Top of Data

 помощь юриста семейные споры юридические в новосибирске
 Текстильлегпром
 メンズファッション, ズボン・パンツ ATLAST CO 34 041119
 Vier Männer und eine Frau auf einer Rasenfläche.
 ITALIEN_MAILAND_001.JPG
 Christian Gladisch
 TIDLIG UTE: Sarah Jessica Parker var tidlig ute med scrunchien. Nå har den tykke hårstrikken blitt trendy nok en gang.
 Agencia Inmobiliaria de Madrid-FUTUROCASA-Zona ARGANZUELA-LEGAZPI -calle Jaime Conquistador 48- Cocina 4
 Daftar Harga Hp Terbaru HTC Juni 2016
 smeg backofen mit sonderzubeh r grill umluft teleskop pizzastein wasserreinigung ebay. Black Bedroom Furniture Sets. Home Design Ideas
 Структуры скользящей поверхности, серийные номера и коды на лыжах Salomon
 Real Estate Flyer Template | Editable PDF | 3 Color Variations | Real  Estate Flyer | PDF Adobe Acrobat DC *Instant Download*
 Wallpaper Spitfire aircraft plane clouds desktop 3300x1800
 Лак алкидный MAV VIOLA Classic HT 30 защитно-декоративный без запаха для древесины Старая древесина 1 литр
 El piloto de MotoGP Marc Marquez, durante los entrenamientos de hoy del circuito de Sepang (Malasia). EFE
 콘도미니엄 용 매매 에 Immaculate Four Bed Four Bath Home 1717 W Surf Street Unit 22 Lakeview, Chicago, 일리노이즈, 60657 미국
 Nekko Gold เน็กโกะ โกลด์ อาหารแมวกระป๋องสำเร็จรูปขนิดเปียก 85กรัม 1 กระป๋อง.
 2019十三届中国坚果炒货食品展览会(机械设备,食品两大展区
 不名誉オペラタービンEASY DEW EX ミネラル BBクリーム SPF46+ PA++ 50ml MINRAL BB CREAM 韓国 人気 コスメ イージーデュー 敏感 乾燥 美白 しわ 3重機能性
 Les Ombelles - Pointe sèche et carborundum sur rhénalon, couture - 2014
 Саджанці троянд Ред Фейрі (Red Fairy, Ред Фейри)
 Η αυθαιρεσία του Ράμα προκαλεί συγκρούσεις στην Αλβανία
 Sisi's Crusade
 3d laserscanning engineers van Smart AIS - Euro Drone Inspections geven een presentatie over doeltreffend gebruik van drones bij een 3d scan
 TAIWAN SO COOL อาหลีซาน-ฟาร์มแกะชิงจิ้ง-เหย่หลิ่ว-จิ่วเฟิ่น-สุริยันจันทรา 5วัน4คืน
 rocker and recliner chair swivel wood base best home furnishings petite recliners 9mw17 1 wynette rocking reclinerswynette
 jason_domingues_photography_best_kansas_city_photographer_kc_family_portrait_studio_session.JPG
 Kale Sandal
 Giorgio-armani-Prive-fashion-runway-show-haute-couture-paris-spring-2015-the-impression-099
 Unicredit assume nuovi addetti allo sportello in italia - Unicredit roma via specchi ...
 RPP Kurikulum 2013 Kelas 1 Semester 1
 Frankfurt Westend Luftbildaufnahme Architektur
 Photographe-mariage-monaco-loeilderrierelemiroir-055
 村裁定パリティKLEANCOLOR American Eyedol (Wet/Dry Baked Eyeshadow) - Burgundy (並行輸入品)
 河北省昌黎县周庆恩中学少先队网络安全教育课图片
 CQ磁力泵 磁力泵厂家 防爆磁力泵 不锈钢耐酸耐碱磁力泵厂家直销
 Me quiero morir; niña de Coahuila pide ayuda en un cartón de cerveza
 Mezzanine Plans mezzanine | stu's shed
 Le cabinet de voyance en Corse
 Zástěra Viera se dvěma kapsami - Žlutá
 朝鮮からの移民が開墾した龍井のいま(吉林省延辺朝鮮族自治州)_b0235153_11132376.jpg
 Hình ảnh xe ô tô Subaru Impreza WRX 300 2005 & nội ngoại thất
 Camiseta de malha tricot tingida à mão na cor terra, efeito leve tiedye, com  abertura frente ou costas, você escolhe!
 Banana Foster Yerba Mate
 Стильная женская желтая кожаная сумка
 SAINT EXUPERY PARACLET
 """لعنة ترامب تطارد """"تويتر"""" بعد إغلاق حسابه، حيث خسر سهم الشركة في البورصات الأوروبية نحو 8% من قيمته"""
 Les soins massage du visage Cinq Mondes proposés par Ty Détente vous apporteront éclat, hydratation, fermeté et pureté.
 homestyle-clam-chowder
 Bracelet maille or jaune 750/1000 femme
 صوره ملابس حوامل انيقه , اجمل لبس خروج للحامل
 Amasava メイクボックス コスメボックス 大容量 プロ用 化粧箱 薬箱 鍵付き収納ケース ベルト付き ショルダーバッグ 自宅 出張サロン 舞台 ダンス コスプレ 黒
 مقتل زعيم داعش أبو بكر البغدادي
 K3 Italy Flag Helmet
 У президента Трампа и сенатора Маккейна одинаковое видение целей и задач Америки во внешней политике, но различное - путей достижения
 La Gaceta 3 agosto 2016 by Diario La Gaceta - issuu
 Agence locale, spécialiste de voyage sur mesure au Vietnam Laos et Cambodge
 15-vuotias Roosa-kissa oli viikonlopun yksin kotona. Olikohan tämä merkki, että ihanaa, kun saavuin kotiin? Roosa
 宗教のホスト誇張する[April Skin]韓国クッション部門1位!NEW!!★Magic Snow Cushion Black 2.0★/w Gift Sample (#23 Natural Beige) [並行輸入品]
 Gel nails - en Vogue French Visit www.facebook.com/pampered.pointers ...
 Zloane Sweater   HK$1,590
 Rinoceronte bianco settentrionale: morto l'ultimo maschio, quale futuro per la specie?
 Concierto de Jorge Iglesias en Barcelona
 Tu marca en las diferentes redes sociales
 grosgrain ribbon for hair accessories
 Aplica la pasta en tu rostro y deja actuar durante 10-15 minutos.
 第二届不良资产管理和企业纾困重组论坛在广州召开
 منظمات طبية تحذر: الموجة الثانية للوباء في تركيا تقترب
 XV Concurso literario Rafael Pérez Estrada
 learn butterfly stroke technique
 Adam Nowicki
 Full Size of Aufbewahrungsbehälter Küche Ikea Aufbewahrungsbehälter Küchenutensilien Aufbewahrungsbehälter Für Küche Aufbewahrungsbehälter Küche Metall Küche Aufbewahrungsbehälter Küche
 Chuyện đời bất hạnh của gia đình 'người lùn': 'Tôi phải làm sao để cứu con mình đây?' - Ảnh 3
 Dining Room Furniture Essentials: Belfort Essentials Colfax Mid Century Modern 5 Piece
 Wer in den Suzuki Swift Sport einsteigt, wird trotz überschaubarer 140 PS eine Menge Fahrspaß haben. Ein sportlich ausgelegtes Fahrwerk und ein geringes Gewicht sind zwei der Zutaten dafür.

Bottom of Data

▶ To do
Set down the entries again, exactly as they stand above.

▶ Exercise result
 помощь юриста семейные споры юридические в новосибирске
 Текстильлегпром
 メンズファッション, ズボン・パンツ ATLAST CO 34 041119
 Vier Männer und eine Frau auf einer Rasenfläche.
 ITALIEN_MAILAND_001.JPG
 Christian Gladisch
 TIDLIG UTE: Sarah Jessica Parker var tidlig ute med scrunchien. Nå har den tykke hårstrikken blitt trendy nok en gang.
 Agencia Inmobiliaria de Madrid-FUTUROCASA-Zona ARGANZUELA-LEGAZPI -calle Jaime Conquistador 48- Cocina 4
 Daftar Harga Hp Terbaru HTC Juni 2016
 smeg backofen mit sonderzubeh r grill umluft teleskop pizzastein wasserreinigung ebay. Black Bedroom Furniture Sets. Home Design Ideas
 Структуры скользящей поверхности, серийные номера и коды на лыжах Salomon
 Real Estate Flyer Template | Editable PDF | 3 Color Variations | Real  Estate Flyer | PDF Adobe Acrobat DC *Instant Download*
 Wallpaper Spitfire aircraft plane clouds desktop 3300x1800
 Лак алкидный MAV VIOLA Classic HT 30 защитно-декоративный без запаха для древесины Старая древесина 1 литр
 El piloto de MotoGP Marc Marquez, durante los entrenamientos de hoy del circuito de Sepang (Malasia). EFE
 콘도미니엄 용 매매 에 Immaculate Four Bed Four Bath Home 1717 W Surf Street Unit 22 Lakeview, Chicago, 일리노이즈, 60657 미국
 Nekko Gold เน็กโกะ โกลด์ อาหารแมวกระป๋องสำเร็จรูปขนิดเปียก 85กรัม 1 กระป๋อง.
 2019十三届中国坚果炒货食品展览会(机械设备,食品两大展区
 不名誉オペラタービンEASY DEW EX ミネラル BBクリーム SPF46+ PA++ 50ml MINRAL BB CREAM 韓国 人気 コスメ イージーデュー 敏感 乾燥 美白 しわ 3重機能性
 Les Ombelles - Pointe sèche et carborundum sur rhénalon, couture - 2014
 Саджанці троянд Ред Фейрі (Red Fairy, Ред Фейри)
 Η αυθαιρεσία του Ράμα προκαλεί συγκρούσεις στην Αλβανία
 Sisi's Crusade
 3d laserscanning engineers van Smart AIS - Euro Drone Inspections geven een presentatie over doeltreffend gebruik van drones bij een 3d scan
 TAIWAN SO COOL อาหลีซาน-ฟาร์มแกะชิงจิ้ง-เหย่หลิ่ว-จิ่วเฟิ่น-สุริยันจันทรา 5วัน4คืน
 rocker and recliner chair swivel wood base best home furnishings petite recliners 9mw17 1 wynette rocking reclinerswynette
 jason_domingues_photography_best_kansas_city_photographer_kc_family_portrait_studio_session.JPG
 Kale Sandal
 Giorgio-armani-Prive-fashion-runway-show-haute-couture-paris-spring-2015-the-impression-099
 Unicredit assume nuovi addetti allo sportello in italia - Unicredit roma via specchi ...
 RPP Kurikulum 2013 Kelas 1 Semester 1
 Frankfurt Westend Luftbildaufnahme Architektur
 Photographe-mariage-monaco-loeilderrierelemiroir-055
 村裁定パリティKLEANCOLOR American Eyedol (Wet/Dry Baked Eyeshadow) - Burgundy (並行輸入品)
 河北省昌黎县周庆恩中学少先队网络安全教育课图片
 CQ磁力泵 磁力泵厂家 防爆磁力泵 不锈钢耐酸耐碱磁力泵厂家直销
 Me quiero morir; niña de Coahuila pide ayuda en un cartón de cerveza
 Mezzanine Plans mezzanine | stu's shed
 Le cabinet de voyance en Corse
 Zástěra Viera se dvěma kapsami - Žlutá
 朝鮮からの移民が開墾した龍井のいま(吉林省延辺朝鮮族自治州)_b0235153_11132376.jpg
 Hình ảnh xe ô tô Subaru Impreza WRX 300 2005 & nội ngoại thất
 Camiseta de malha tricot tingida à mão na cor terra, efeito leve tiedye, com  abertura frente ou costas, você escolhe!
 Banana Foster Yerba Mate
 Стильная женская желтая кожаная сумка
 SAINT EXUPERY PARACLET
 """لعنة ترامب تطارد """"تويتر"""" بعد إغلاق حسابه، حيث خسر سهم الشركة في البورصات الأوروبية نحو 8% من قيمته"""
 Les soins massage du visage Cinq Mondes proposés par Ty Détente vous apporteront éclat, hydratation, fermeté et pureté.
 homestyle-clam-chowder
 Bracelet maille or jaune 750/1000 femme
 صوره ملابس حوامل انيقه , اجمل لبس خروج للحامل
 Amasava メイクボックス コスメボックス 大容量 プロ用 化粧箱 薬箱 鍵付き収納ケース ベルト付き ショルダーバッグ 自宅 出張サロン 舞台 ダンス コスプレ 黒
 مقتل زعيم داعش أبو بكر البغدادي
 K3 Italy Flag Helmet
 У президента Трампа и сенатора Маккейна одинаковое видение целей и задач Америки во внешней политике, но различное - путей достижения
 La Gaceta 3 agosto 2016 by Diario La Gaceta - issuu
 Agence locale, spécialiste de voyage sur mesure au Vietnam Laos et Cambodge
 15-vuotias Roosa-kissa oli viikonlopun yksin kotona. Olikohan tämä merkki, että ihanaa, kun saavuin kotiin? Roosa
 宗教のホスト誇張する[April Skin]韓国クッション部門1位!NEW!!★Magic Snow Cushion Black 2.0★/w Gift Sample (#23 Natural Beige) [並行輸入品]
 Gel nails - en Vogue French Visit www.facebook.com/pampered.pointers ...
 Zloane Sweater   HK$1,590
 Rinoceronte bianco settentrionale: morto l'ultimo maschio, quale futuro per la specie?
 Concierto de Jorge Iglesias en Barcelona
 Tu marca en las diferentes redes sociales
 grosgrain ribbon for hair accessories
 Aplica la pasta en tu rostro y deja actuar durante 10-15 minutos.
 第二届不良资产管理和企业纾困重组论坛在广州召开
 منظمات طبية تحذر: الموجة الثانية للوباء في تركيا تقترب
 XV Concurso literario Rafael Pérez Estrada
 learn butterfly stroke technique
 Adam Nowicki
 Full Size of Aufbewahrungsbehälter Küche Ikea Aufbewahrungsbehälter Küchenutensilien Aufbewahrungsbehälter Für Küche Aufbewahrungsbehälter Küche Metall Küche Aufbewahrungsbehälter Küche
 Chuyện đời bất hạnh của gia đình 'người lùn': 'Tôi phải làm sao để cứu con mình đây?' - Ảnh 3
 Dining Room Furniture Essentials: Belfort Essentials Colfax Mid Century Modern 5 Piece
 Wer in den Suzuki Swift Sport einsteigt, wird trotz überschaubarer 140 PS eine Menge Fahrspaß haben. Ein sportlich ausgelegtes Fahrwerk und ein geringes Gewicht sind zwei der Zutaten dafür.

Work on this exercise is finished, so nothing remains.